Stemming crisis through global diversification

Bas Kooijman

How can a mix of equities, commodities, and currencies work in harmony to deliver steady returns and with moderate risk? We’ve found that steady returns can be achieved through a mix of those assets, while our portfolio construction and proprietary software effectively manage the risks.

Consider foreign exchange, for example, where we take long-, medium-, and short-term trading positions. The medium- and long-term trading strategies, each about 40% of the currency portfolio, are generally the lower-risk/lower-return piece of the portfolio. The short-term currency trading portfolio (20%) is higher risk but higher reward, functioning as an additional alpha driver. Risk is managed through automated software that monitors and limits trader risk to 1% of their capital per day, with a stop loss set at 10% of their portfolio.

We view commodities as the ultimate risk mitigator of economic cycles. Long-term investments in physical assets like gold and silver have proven to be a very effective hedge against market downturns. We believe a 2:1 position of commodities to equities is appropriate to insulate a portfolio against such events and maintain that as part of policy.

The remaining equity portfolio is based on the top-quartile global equity performers, focusing our long-term vision around a sustainable mix of technology, emerging market, and commodity companies.

The past eight years have posed unique challenges; how has your strategy navigated these pain points? We see currency as an economy’s stock price. Economic events like the sovereign debt crisis in Greece and the Brexit Referendum in 2016, as well as the COVID-19 pandemic, created significant volatility. With Greece and Brexit, the events were locally focused and allowed for significant asset dislocations compared with the rest of the world.
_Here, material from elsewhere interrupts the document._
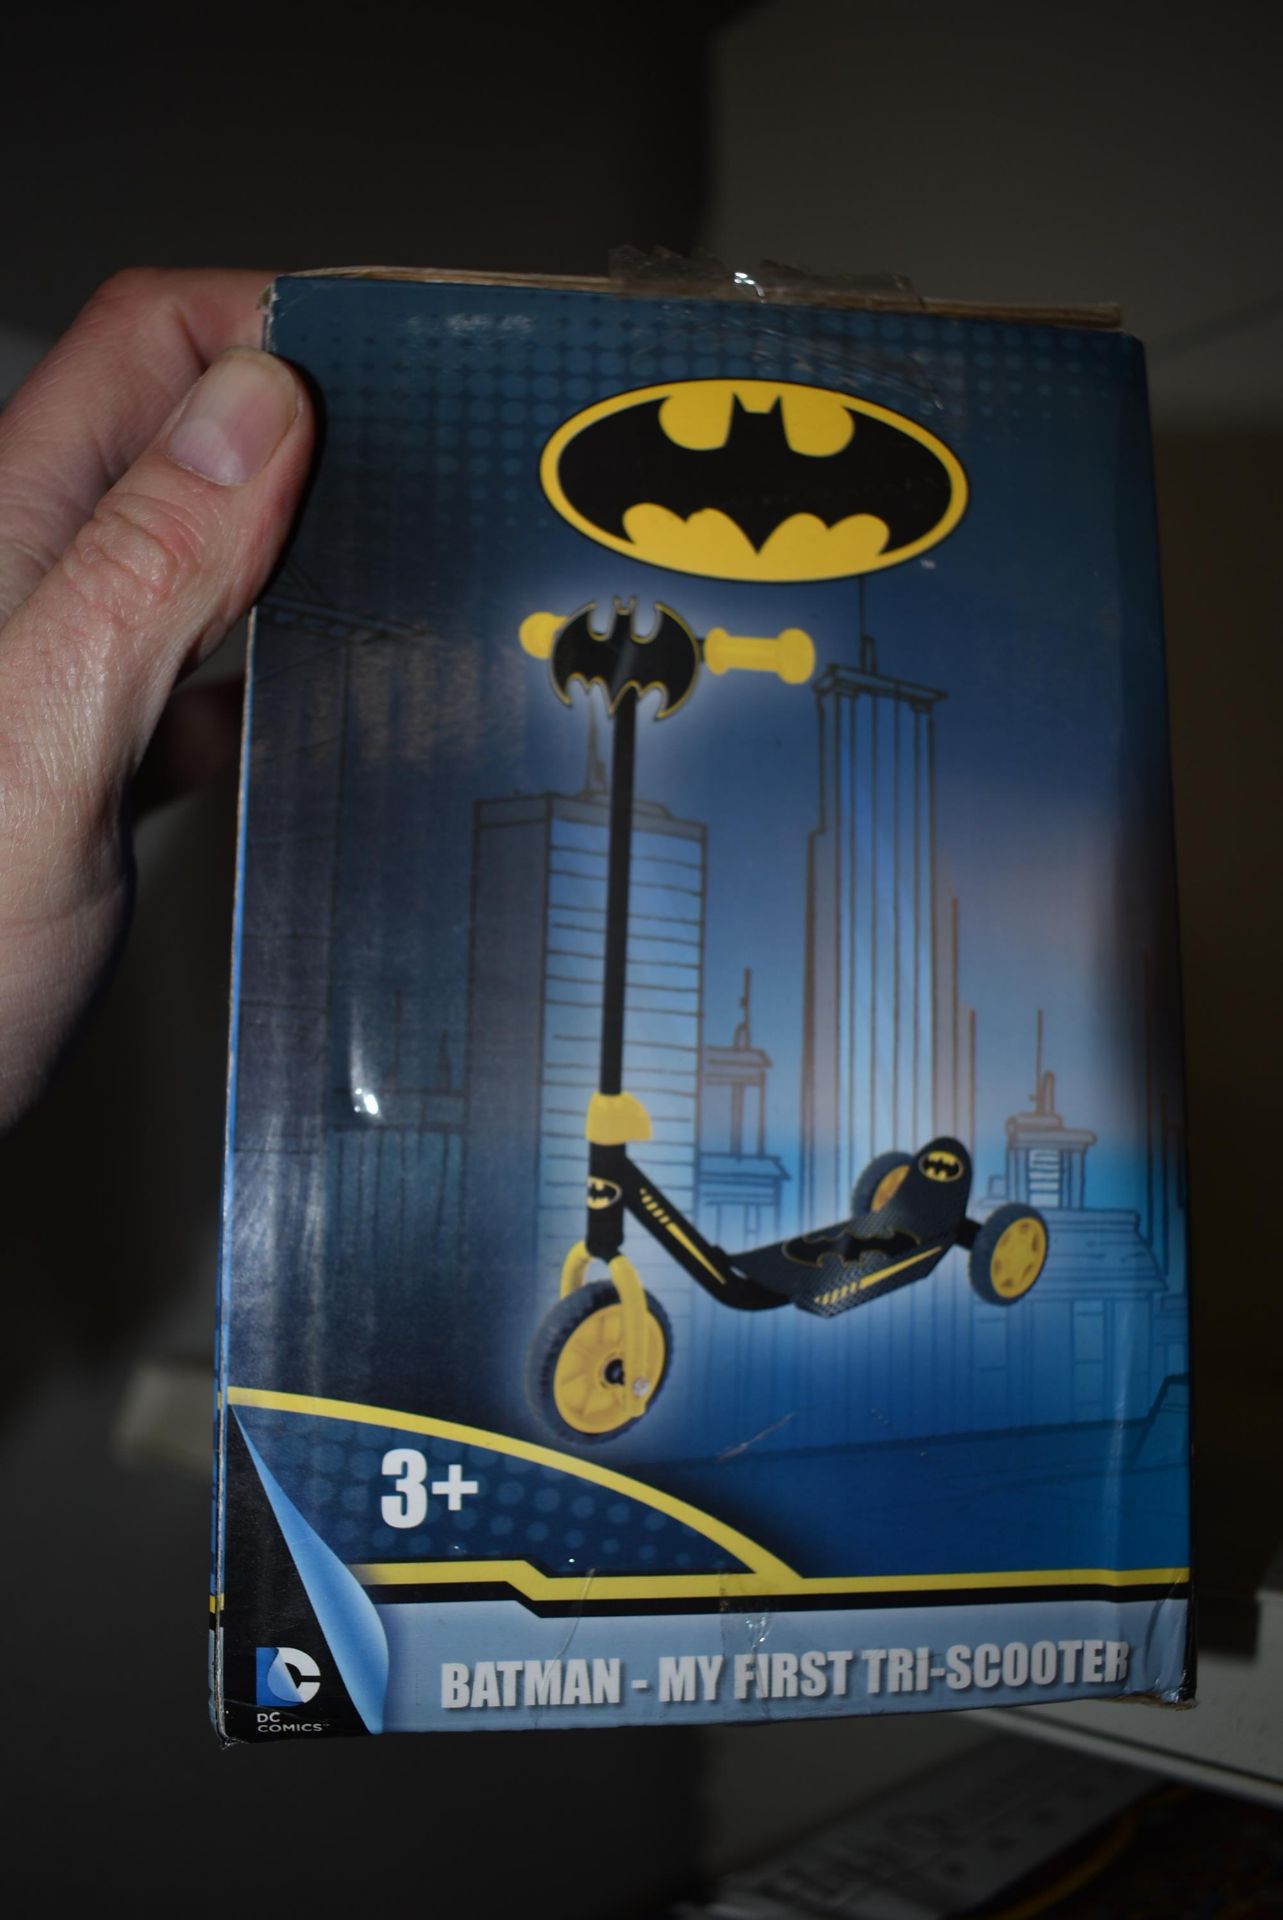 Batman Tri-Scooter - Image 4 of 4

The volatility created by COVID-19 was initially very uneven, allowing hedging strategies to thrive. Facing the worldwide outbreak, we managed our risks when all markets showed extreme conditions, and continued trading with our strategies as markets stabilized.

Your portfolio uses a real estate corporate guarantee to protect investors from significant drawdowns. Does this mean the strategy is still susceptible to periods of high stress? Downside protection is top of mind for many of our clients and, while they all understand that markets will go through periods of high stress, our objective is to give them peace of mind. Our real estate backing flows from our philosophy that these high-stress periods shouldn’t be passed on to our clients and can be mitigated by our investment strategy.

How are you positioning yourselves in 2022? Based on our previous years’ results and strategy, we’ll continue working as we have done. Needless to say, we always keep a close eye on all worldwide assets; if the markets do show the need for a change in strategy, we’ll not hesitate to do so in order to keep delivering consistent positive results for our investors.